Africa’s economic growth stands to rebound not unless we manage crisis

21Jul 2020
Editor
The Guardian
Africa’s economic growth stands to rebound not unless we manage crisis

Extreme poverty, deep poverty, abject poverty, absolute poverty, destitution, or penury, was defined by the United Nations (UN) in its 1995 report of the World Summit for Social Development as "a condition characterized by severe deprivation of basic human needs, including food,-

-safe drinking water, sanitation facilities, health, shelter, education and information. It depends not only on income but also on access to services." Historically, other definitions have been proposed within the United Nations.

In 2018, extreme poverty widely refers to an income below the international poverty line of $1.90 per day (in 2011 prices, equivalent to $2.16 in 2019), set by the World Bank. In October 2015, the World Bank updated the international poverty line, a global absolute minimum, to $1.90 a day.  This is the equivalent of $1.00 a day in 1996 US prices, hence the widely used expression "living on less than a dollar a day". The vast majority of those in extreme poverty reside in south Asia, sub-Saharan Africa, the West Indies, East Asia, and the Pacific. As of 2018, it is estimated that the country with the most people living in extreme poverty is Nigeria, at 86 million.  

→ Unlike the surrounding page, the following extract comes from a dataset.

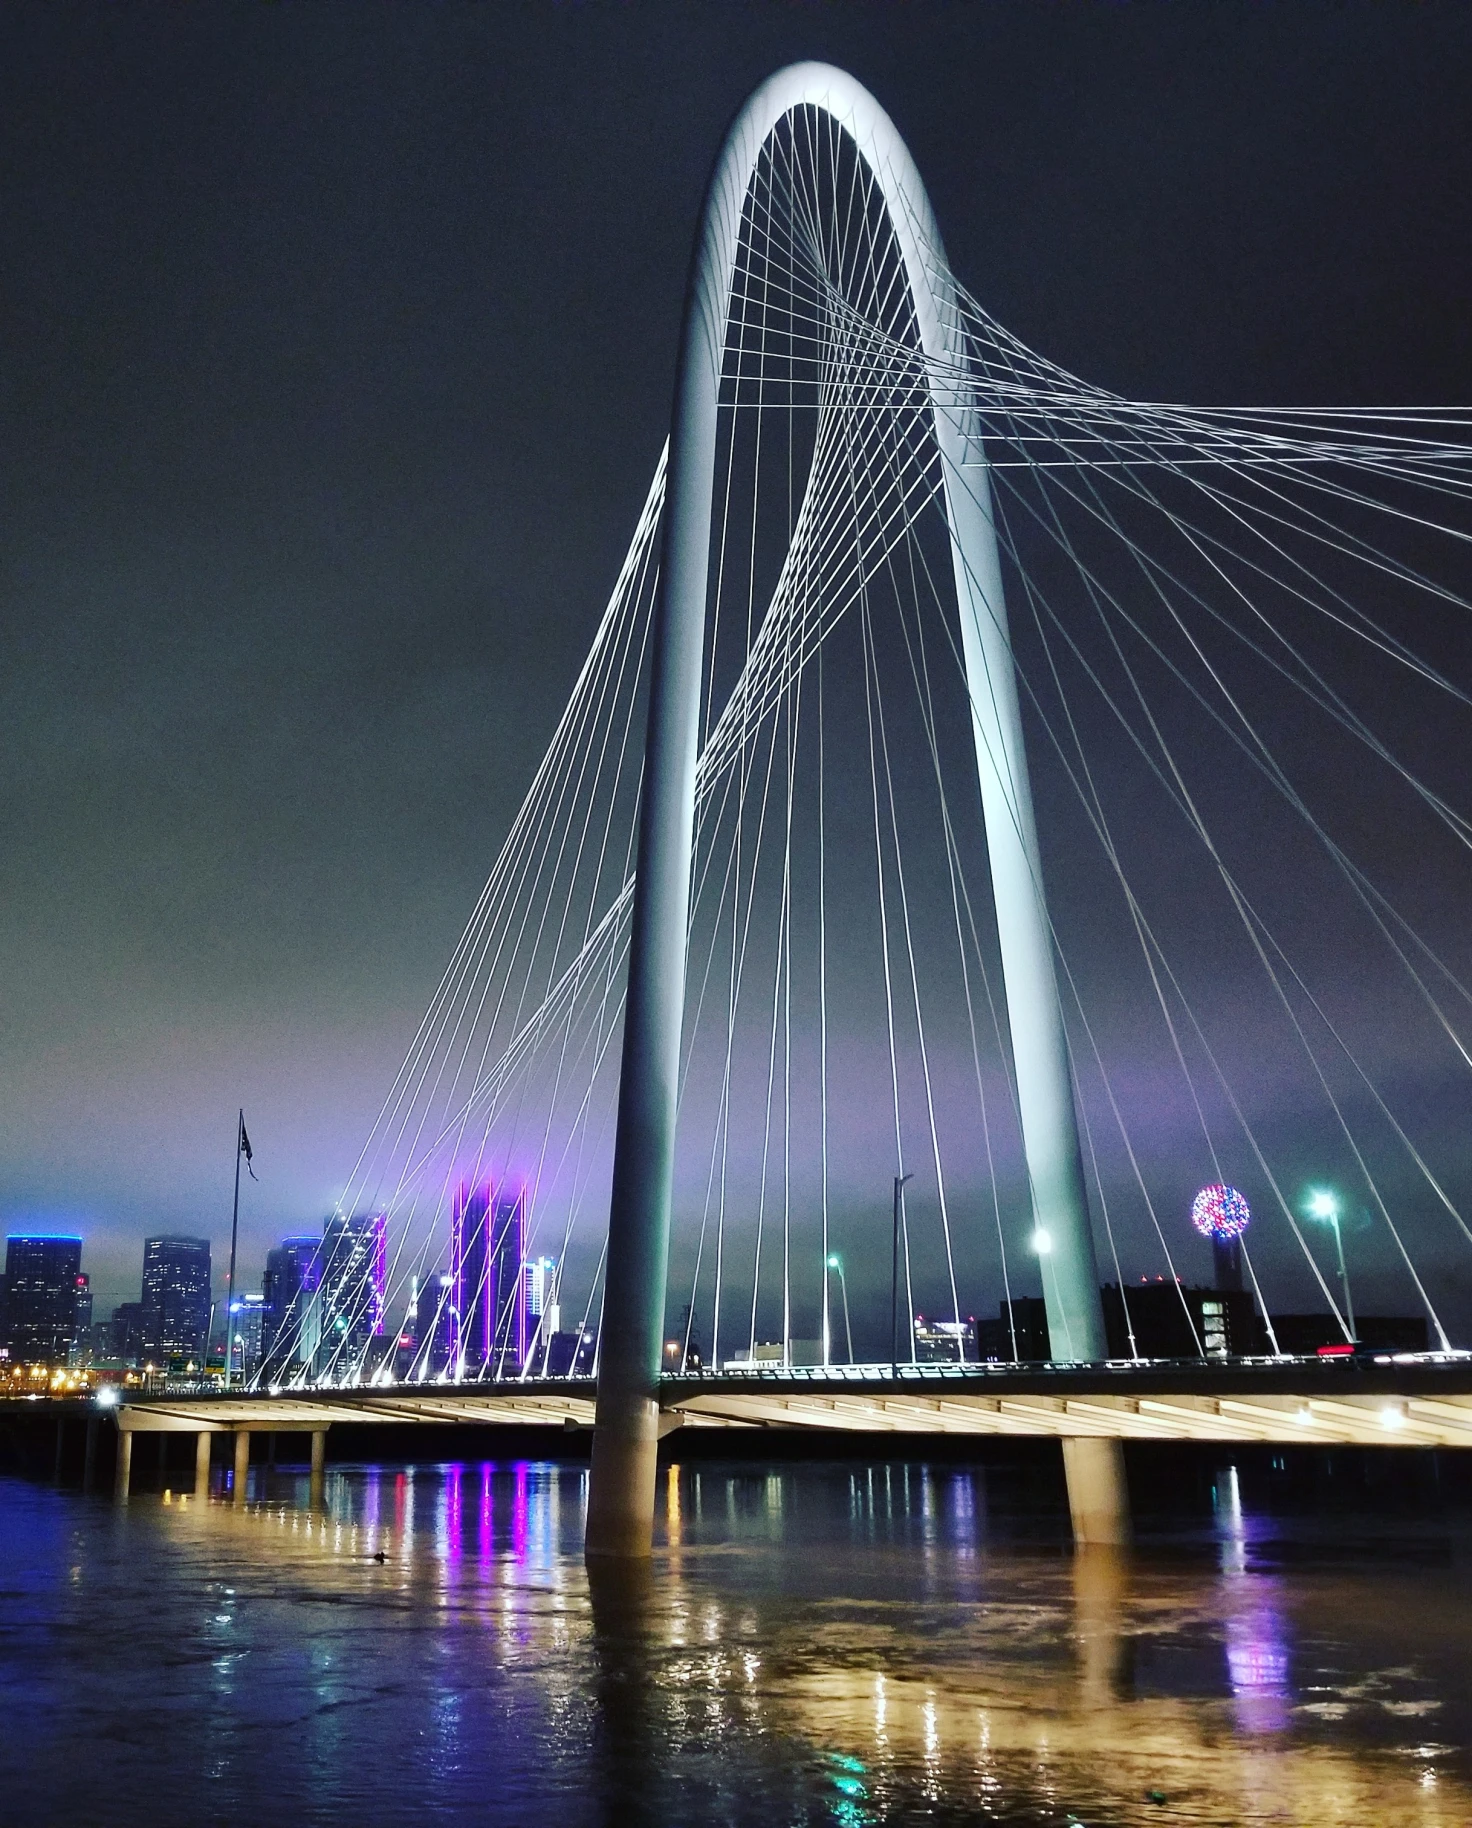 The Ronald Kirk Pedestrian Bridge is a stunning architectural landmark spanning the Trinity River in Dallas, Texas, offering pedestrians and cyclists picturesque views of the city's skyline.

In the past, the vast majority of the world population lived in conditions of extreme poverty.  The percentage of the global population living in absolute poverty fell from over 80 per cent in 1800 to 20 per cent by 2015. According to United Nations estimates, in 2015 roughly 734 million people or 10 per cent remained under those conditions.[12] The number had previously been measured as 1.9 billion in 1990, and 1.2 billion in 2008. Despite the significant number of individuals still below the international poverty line, these figures represent significant progress for the international community, as they reflect a decrease of more than one billion people over 15 years.  

In public opinion surveys around the world, people surveyed tend to incorrectly think that extreme poverty has not decreased.  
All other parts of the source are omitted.